Austin-based intellectual property attorney Andrea Arndt explains how Texas creators can keep their IP secure.
Whether you’re a scientist, entrepreneur, or artist, it’s vital to protect your intellectual property. There are generally several ways to do so: through a patent, a trademark, trade dress protection, or a copyright. A patent protects inventions; a trademark protects a source identifier, such as a word, a logo, or a combination of both; and a copyright protects original artistic and literary works.
Regardless of which best describes your needs, follow these five steps now to keep your work and creativity safe from encroachment or co-opting in the market.
1. Evaluate the types of intellectual property you have and need to protect.
There are a wide range of IP protections, and your first step is to know what best fits your needs. For example: Do you have a brand name or logo that is associated with your goods or services? If so, you may need trademark protection.
Do you use a symbol, a slogan, an ornamental design, or another visual element that sets you apart from your competition or do you have a proprietary recipe or way of doing your business that you want to keep a secret? If so, you may need trade dress protection.
Do you have original works of authorship, such as literary, dramatic, musical, or artistic works that you want to control how others can use your works? If so, you may need copyright protection.
Do you have a product with unique visual qualities that makes your product sell or distinguishes your product from competitor products? If so, you may need a design patent.
Have you created a product, process, or machine that is new or improved? If so, you may need a utility patent.
2. Protect your ownership rights by obtaining written agreements with independent contractors and employees.
Each type of intellectual property has specific laws associated with who actually owns the intellectual property rights. For example, if a company (1) hires a third-party web designer to build a webpage and agrees to the web designer’s standard terms, and/or (2) has an employee take photographs for the company website, a task outside of the course of employment, the company may not own the copyrights to its own website.
Similarly, if an employee invents something that is new and novel but does not have an obligation to assign its rights to the company, the employee may own the rights to the patent. To minimize your risk of lengthy and expensive legal battles over intellectual property ownership rights, companies must be diligent with obtaining proper written agreements that explicitly addresses the intellectual property rights, its ownership, and any future obligations to assign such rights to the company.
3. Get a patent assignment and record it shortly after it is signed.
Each inventor of a patent has ownership rights to the patent unless the patent is assigned to another party—e.g., the company the inventor(s) works for or a party buying the patent. When assigning a patent, two steps are needed. First, an assignment must be drawn up, agreed upon by both parties, and signed by at least the party assigning its rights—e.g., the inventor(s).

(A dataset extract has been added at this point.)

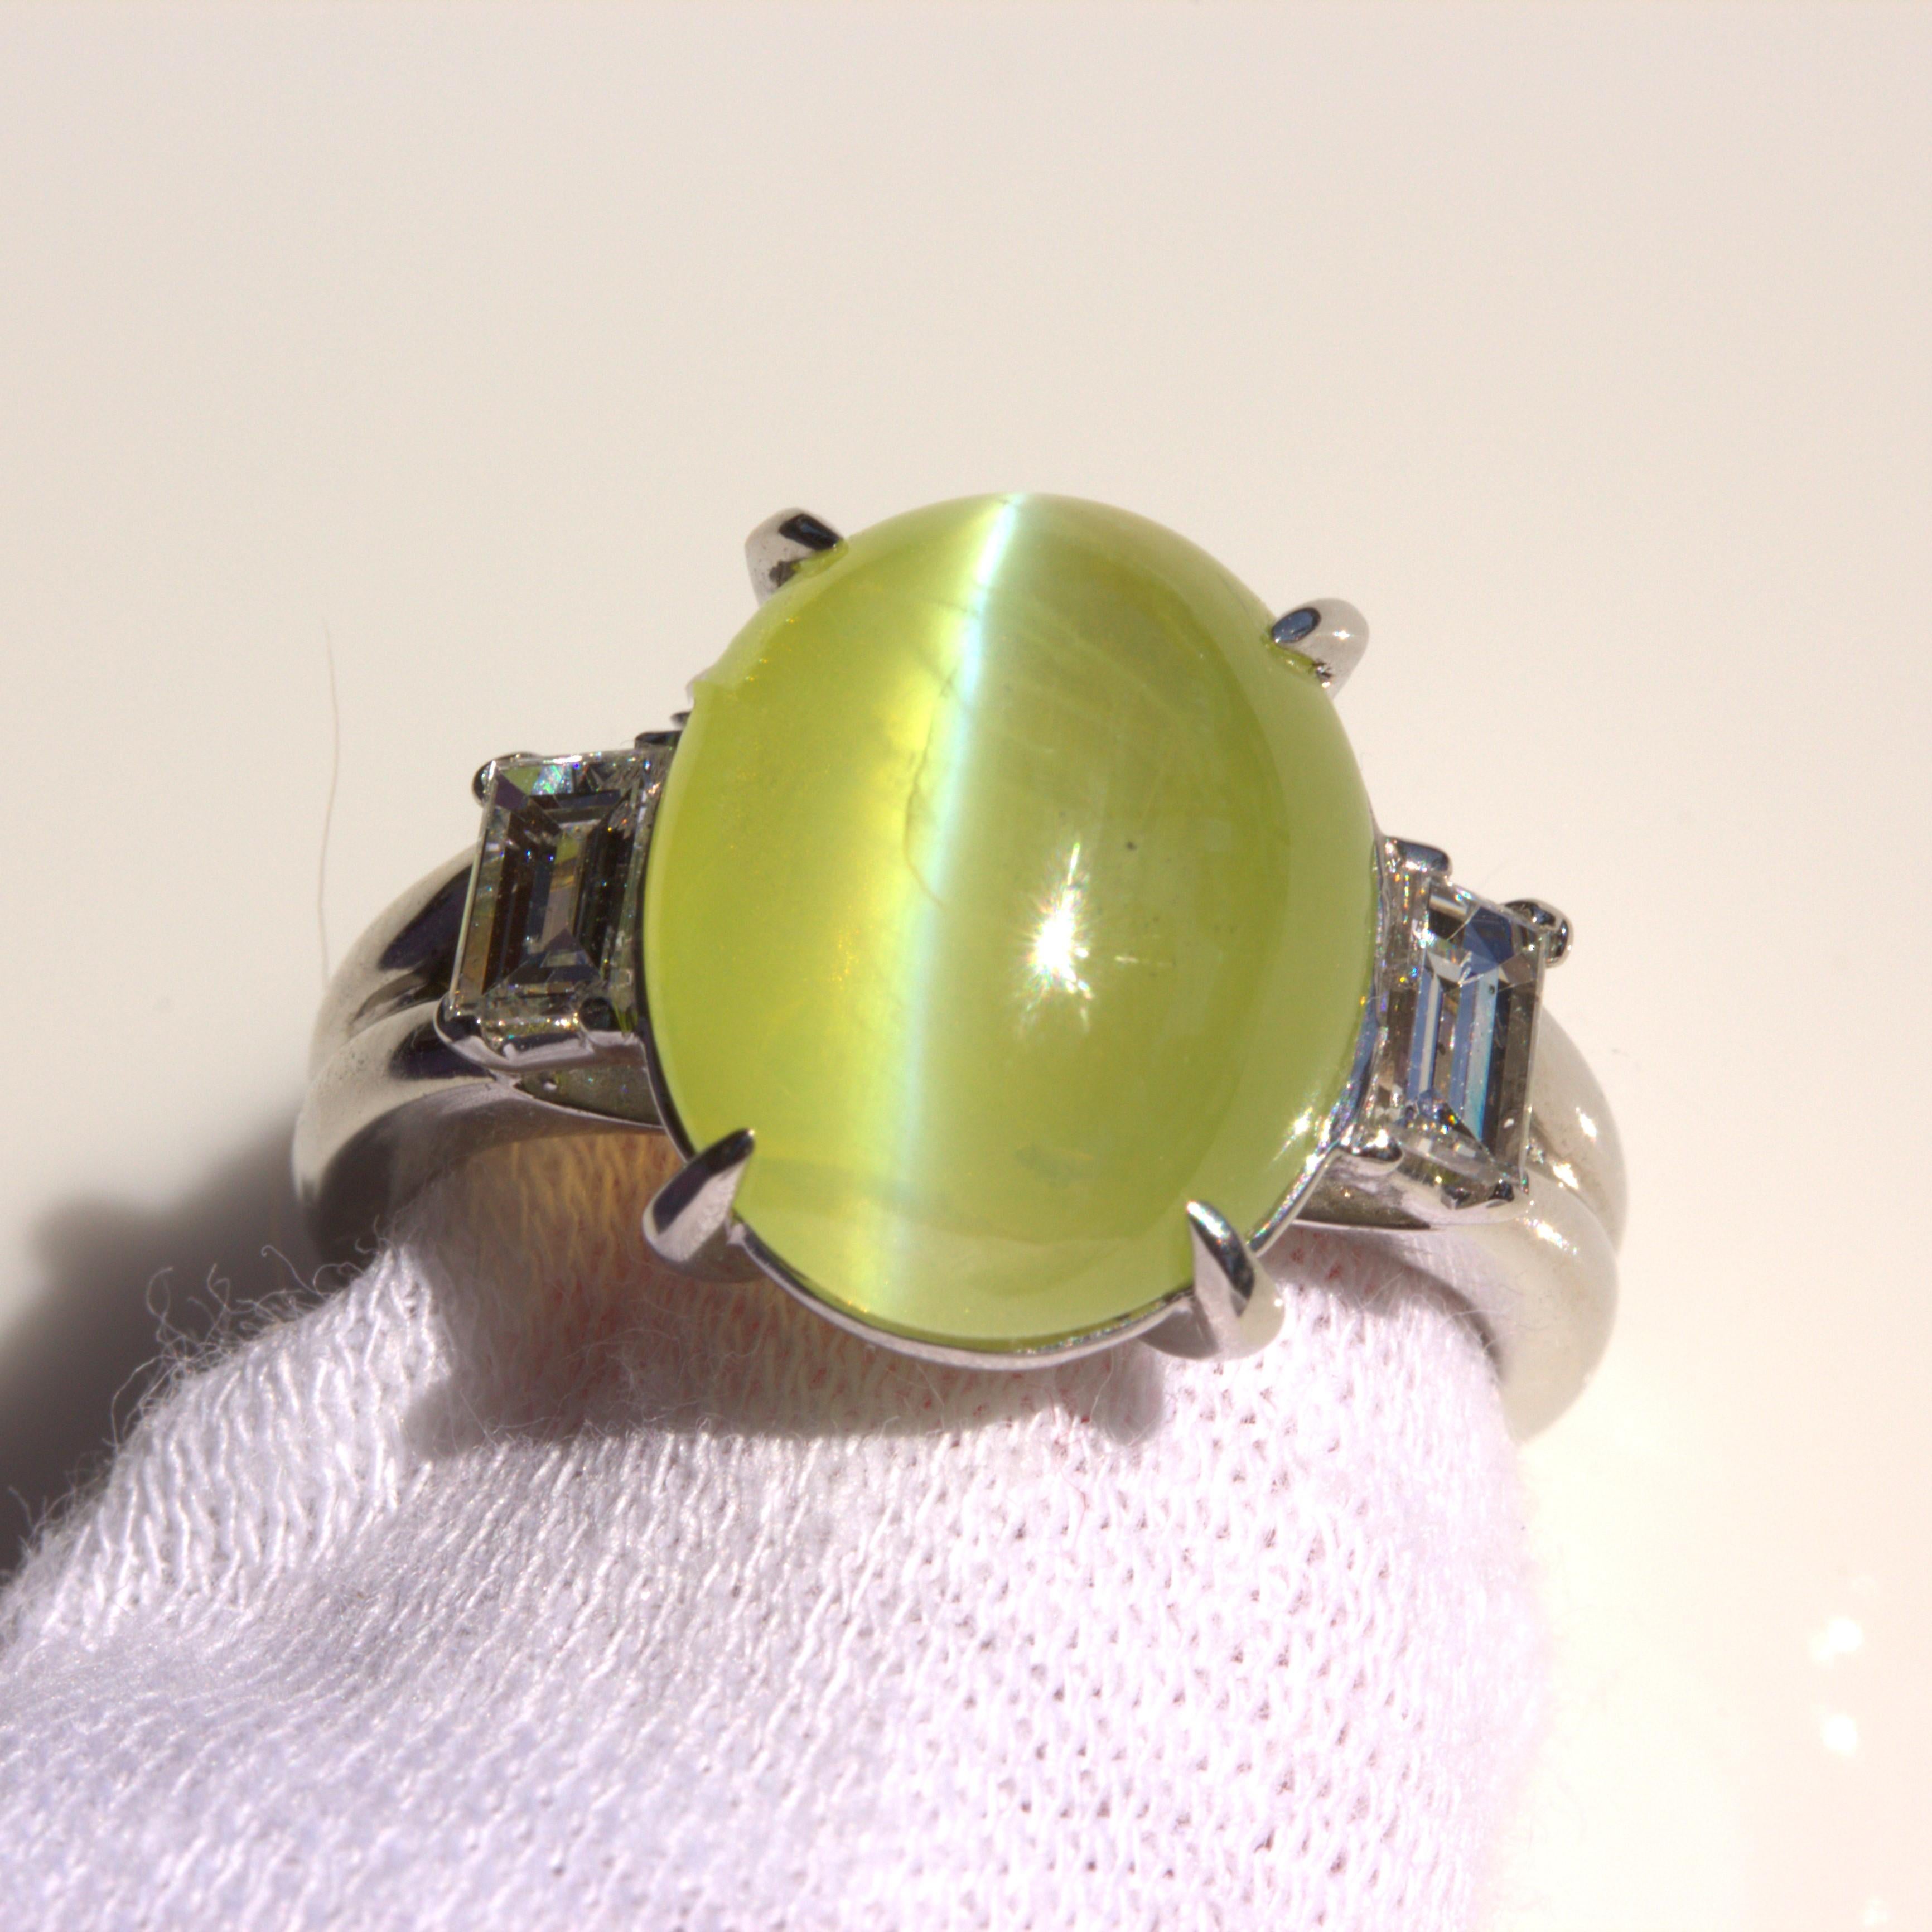 A classy and elegant platinum ring featuring a 8.27 carat cats eye chrysoberyl. Not only does the gem have a large size but it has very fine quality in its bright and open yellow-green color and its strong chatoyancy (cats eye effect). It is

Second, the party receiving the rights to the patent (e.g., the company) must record the signed patent assignment with the Assignments Recordation Branch of the United States Patent and Trademark Office. Under US law, assignments must be recorded to make third parties (e.g., your competitors) aware of your ownership rights.
If an assignment is properly recorded within three months of the assignment being signed, the patent owner will be protected against another party obtaining (e.g., a purchaser of the patent) the patent rights. After this three-month window, a purchaser who is unaware that there is a patent assignment could become the new owner of your patent. Although it is not often that patents are signed to two different (and unknowing) parties at the same time, it can happen. Timely recording patent assignments is an inexpensive way to protect your patent ownership rights.
4. If you have a patent, mark your product.
Patent marking is used to notify the public, including competitors, that your product is patented. Proper patent marking is crucial in recovering damages from an infringer. In fact, if a patent owner does not properly mark its product, the patent owner may be precluded from collecting damages from infringers of its patent. You can mark your product with the word “Patent” or “Pat.” followed by the patent number or the address of a website that lists the patent number. It is also a good idea to mark your products with “Patent Pending” while you are awaiting approval on your patent application.
5. Monitor the marketplace.
Just because you have a granted patent or a registered trademark, your work is not done. You or your counsel should continuously monitor the marketplace to ensure that no other party is using your intellectual property without your consent.
If you find that someone else is using your intellectual property, the first step is often to send them a cease-and-desist demand letter, which essentially asks the infringer to stop the unauthorized or illegal use of your intellectual property and to not use it again in the future. If the use does not stop, there are other legal remedies that can be pursued to stop such use. Additionally, if you do not police your intellectual property, sometimes you can lose it.